President Donald Trump and ministers from Bahrain, Israel and the UAE

But not Trump. As his term draws to a close, the most remarkable result of the many on his watch is no less than four Mideast peace treaties, the first in decades. But it was the way they were achieved that is most revealing of the difference between Trump and the presidents before him. He confounded the Palestinian-centric careerists hellbent on cutting a deal at any cost — and never closing one. Even when President Bill Clinton, in the end stages of his presidency, offered Yasir Arafat more than he demanded, a deal was never consummated. The Palestinians held the on-again, off-again peace process hostage since it commenced but were constantly appeased by successive generations of foreign policy professionals. So Trump engineered an end run around the intransigent Palestinians, leaving them out in the cold by negotiating a series of bilateral agreements between Israel and Palestinian allies. This, after Trump was excoriated by State Department types for finally moving our embassy in Israel to Jerusalem, as promised by the three previous presidents. Would Biden abide by these agreements and build on them, or allow the anti-Israel left to all but shut down the burgeoning peace process?

Trump emphatically rejected the Iran nuclear deal engineered by Biden’s patron Barack Obama, arguing that it offered minimal short-term gain in return for the maximum long-term pain of a strengthened Iranian nuclear program. He pulled out of the globalists’ signature Paris Climate Accord because it places burdensome restrictions on the United States that China and other nations are not required to abide by and that would cause the cost of energy to skyrocket. Will Biden seek a new Obama-style deal with Iran and fulfill his promise to return to the colossal international climate agreement?

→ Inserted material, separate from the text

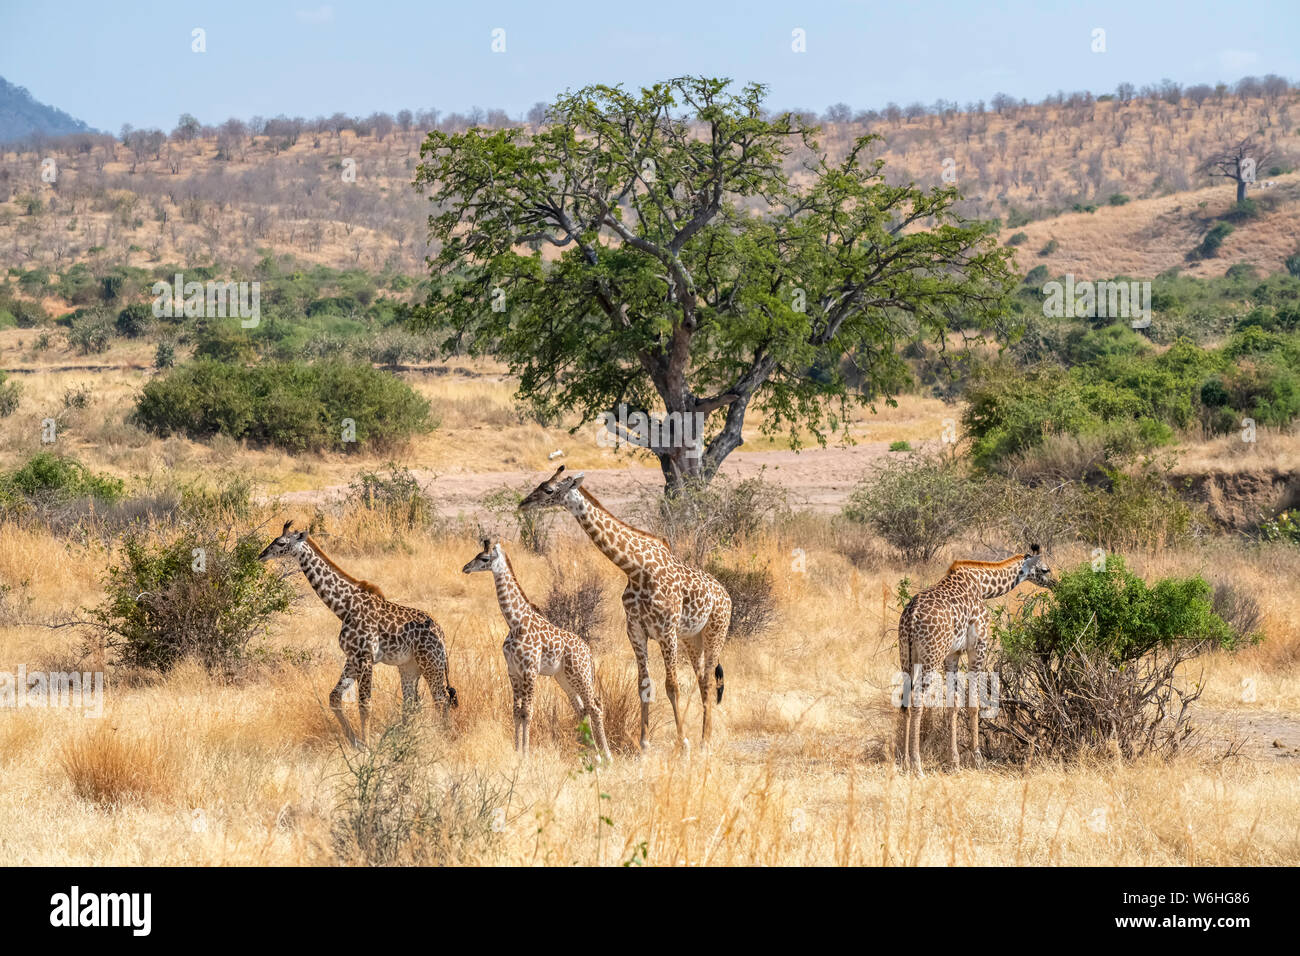 Adult Maasai Giraffe (Giraffa camelopardalis) with three young Giraffes in the golden dry savannah of Ruaha National Park; Tanzania Stock Photo
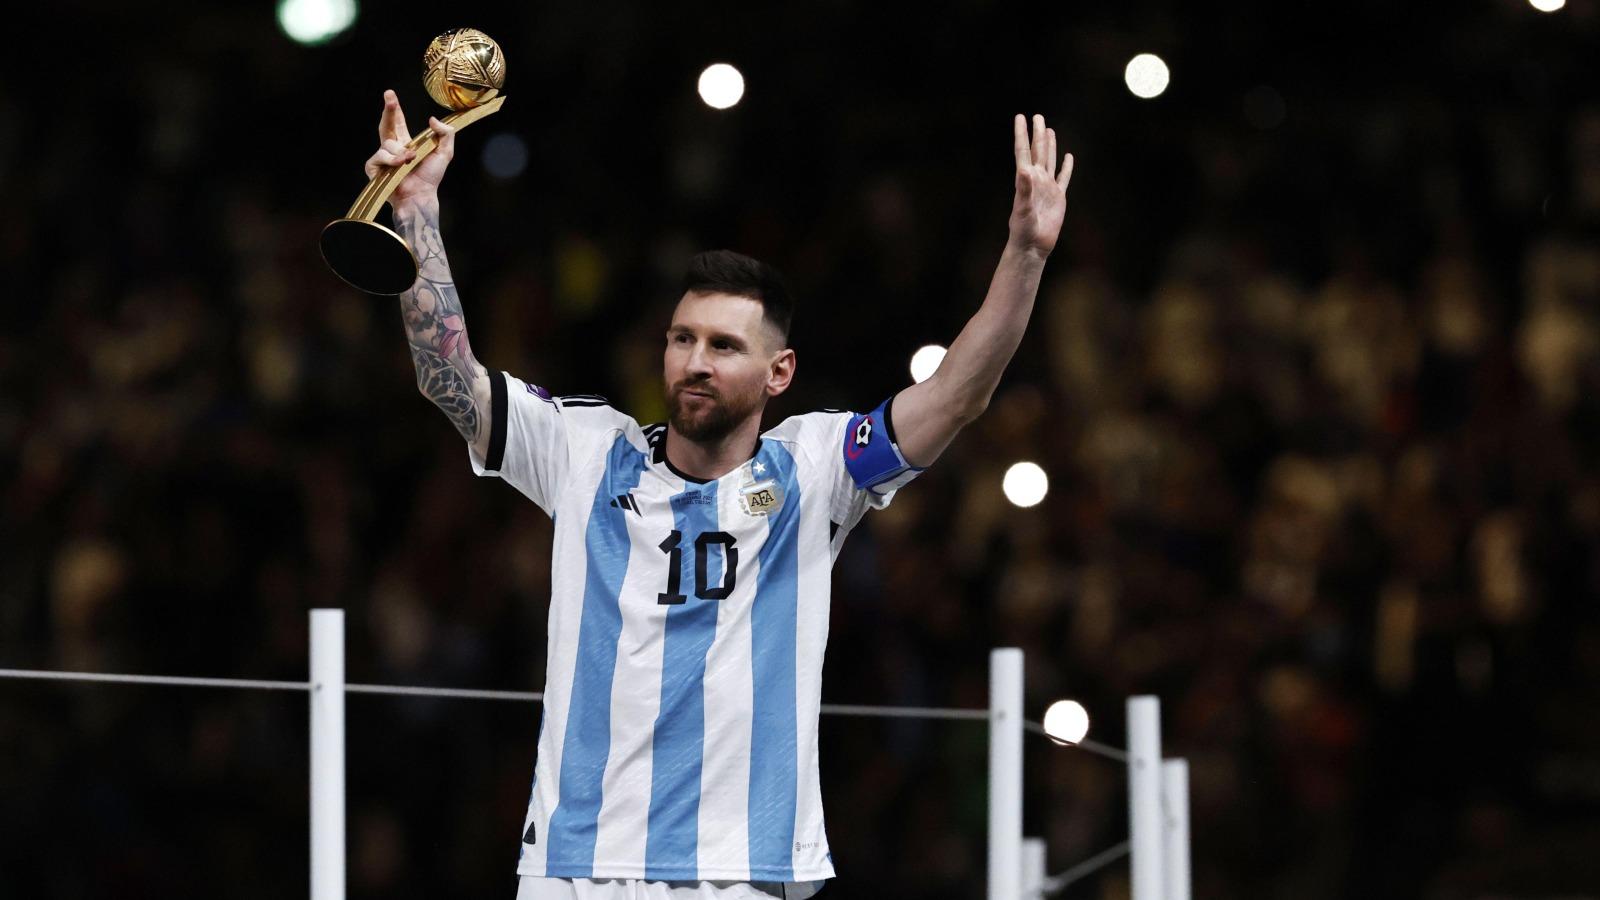 50 Messi World Cup Wallpapers  WallpaperSafari

After years of failed multilateral negotiations and unfulfilled promises by Kim Jong-Un, the 45th president went 180 degrees in the opposite direction with a campaign of personal, face-to-face diplomacy with the North Korean dictator, avoiding a frightening conflict he was ominously warned about by Obama. Would a President Biden insist on a return to the multinational bargaining table?

Of course, the single biggest issue facing a new president would be China, a nation with which Joe Biden is particularly familiar. Our most dangerous adversary was called out for the first time by Trump — on everything from lopsided tariffs to intellectual property theft. Biden’s approach has always been the opposite: to soft-sell at best, minimize at worst, Chinese influence. And those influence-peddling deals with Chinese firms linked to the Communist Party, engineered by his son and from which he personally profited, now stand as ripe material for blackmail of one sort or another. Will Biden defy predictions and take a hard line against China like Trump?

Donald Trump feature

Donald Trump

The president’s tectonic shift in approach to allies and adversaries alike, together with his regime of radical deregulation and the decade-old fracking revolution, has produced the long-sought holy grail: energy independence. This means putting young Americans in the line of fire in Middle East conflicts for the sake of oil will now be indefensible. Would Biden mollify his left flank by reintroducing onerous regulations on the energy industry, limiting if not banning fracking, at the cost of higher energy prices and a restored dependency on unreliable foreign sources of energy? Would his ongoing support for war demonstrated over almost five decades in Washington continue to guide his judgment?

Make no mistake. The world stage is where the contrast between administrations will be most stark and visible. And for a candidate who has seen better days, and conducted a stealth campaign for the presidency in a fortified cocoon, the challenge to return to the days when a global perspective carried the day is heavily complicated by Americans’ knowledge, for the first time, of a successful alternative.

While Trump has proudly worn his MAGA slogan on his sleeve from day one, Biden’s MAGA is not one of which he might boast. But it is every bit as real as Trump’s quest to make America great again. For the prospective 46th president, the mission is to make America global again.